Print all the data below exactly, without images.

- _Recorded information_:

============

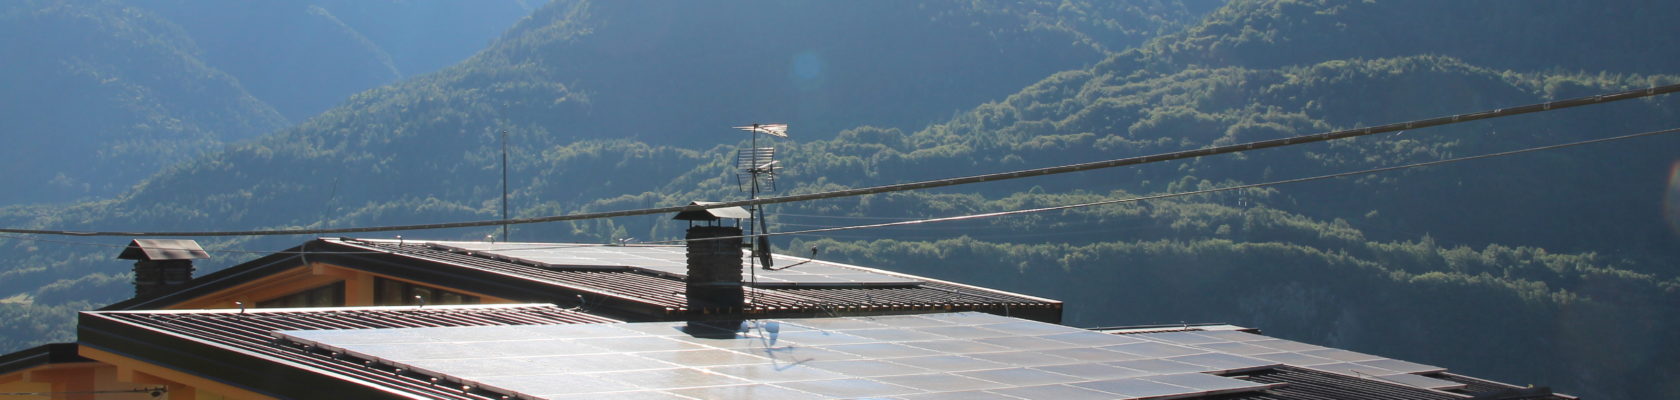 Impianto fotovoltaico ex scuola elementare di Praso
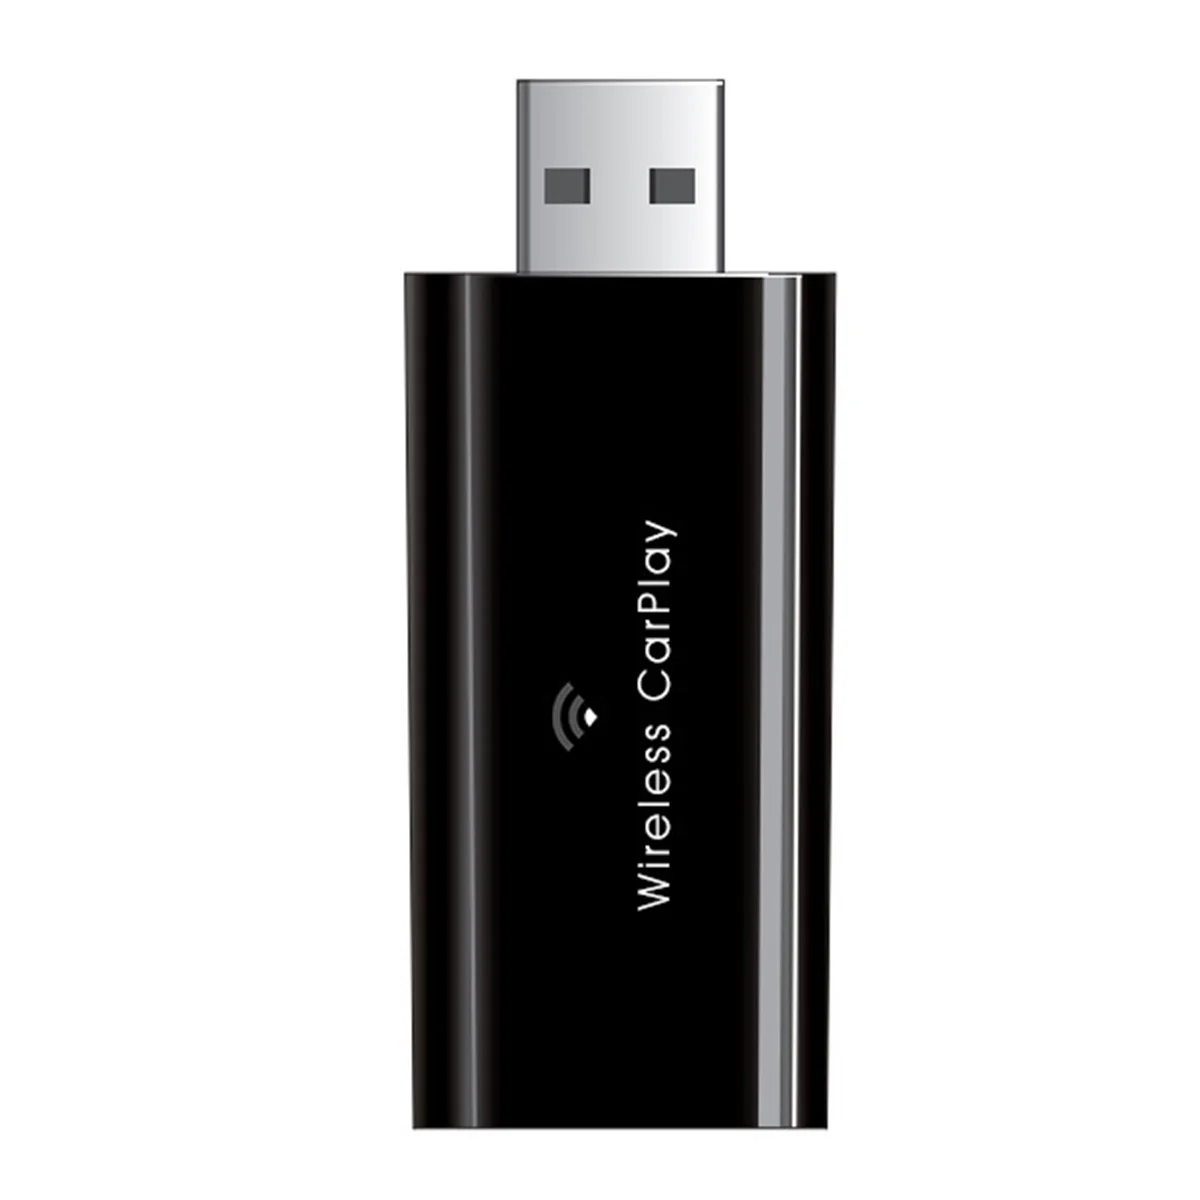 USB Беспроводной адаптер CarPlay 5 ГГц WiFi Самый быстрый, самый маленький и тонкий беспроводной адаптер CarPlay для IOS проводных автомобилей CarPlay
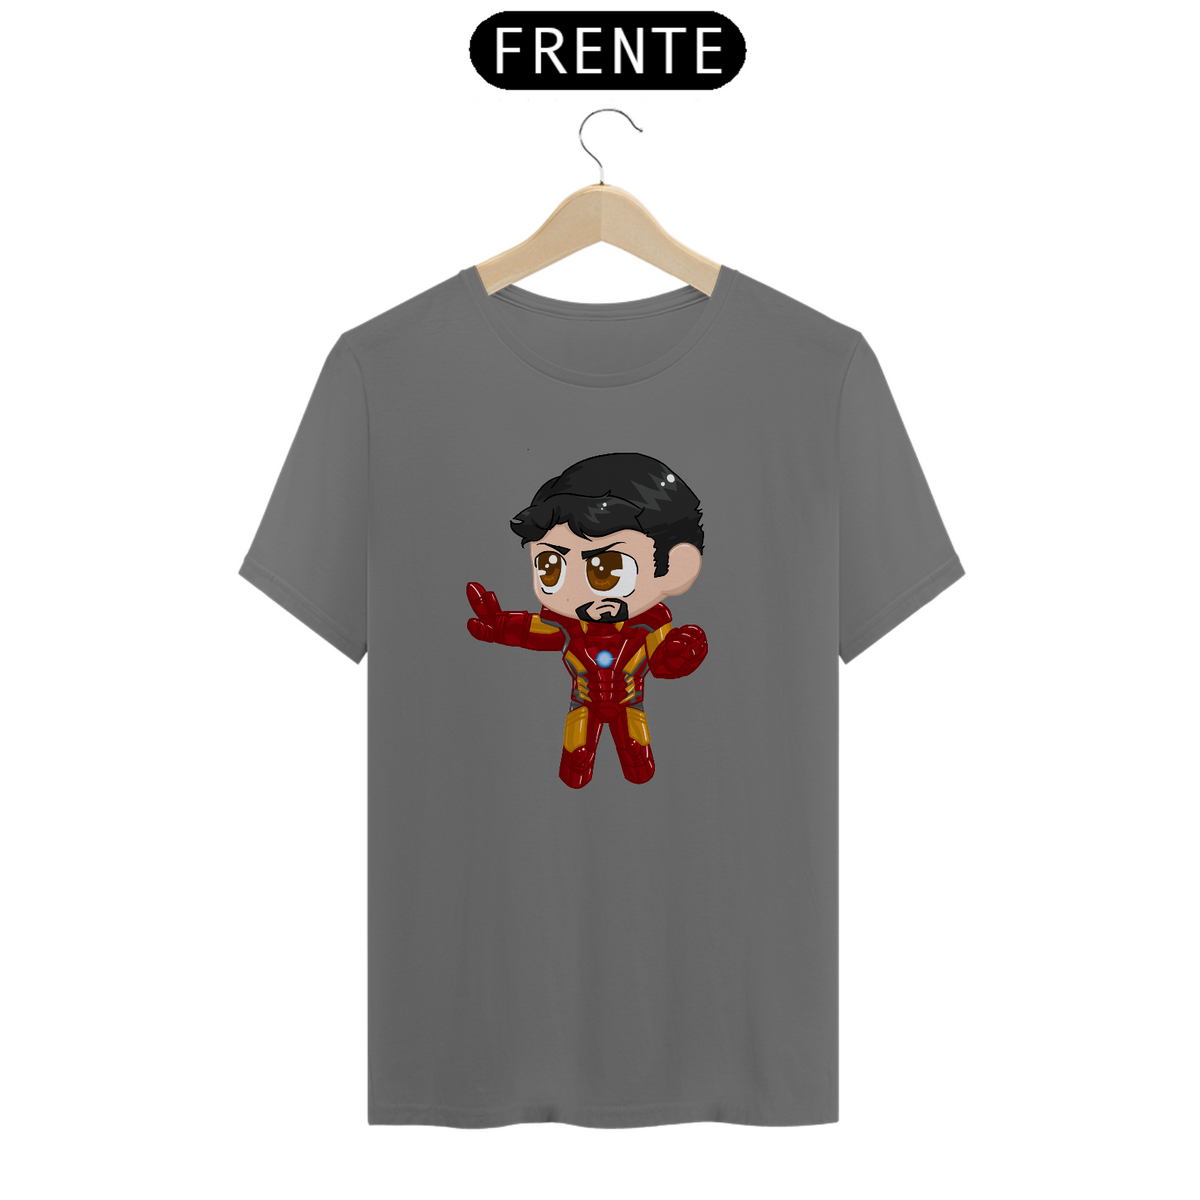 Nome do produto: Camiseta Cute Homem de Ferro

============

- _Reply_:
 Impianto fotovoltaico ex scuola elementare di Praso
 USB Беспроводной адаптер CarPlay 5 ГГц WiFi Самый быстрый, самый маленький и тонкий беспроводной адаптер CarPlay для IOS проводных автомобилей CarPlay
 Nome do produto: Camiseta Cute Homem de Ferro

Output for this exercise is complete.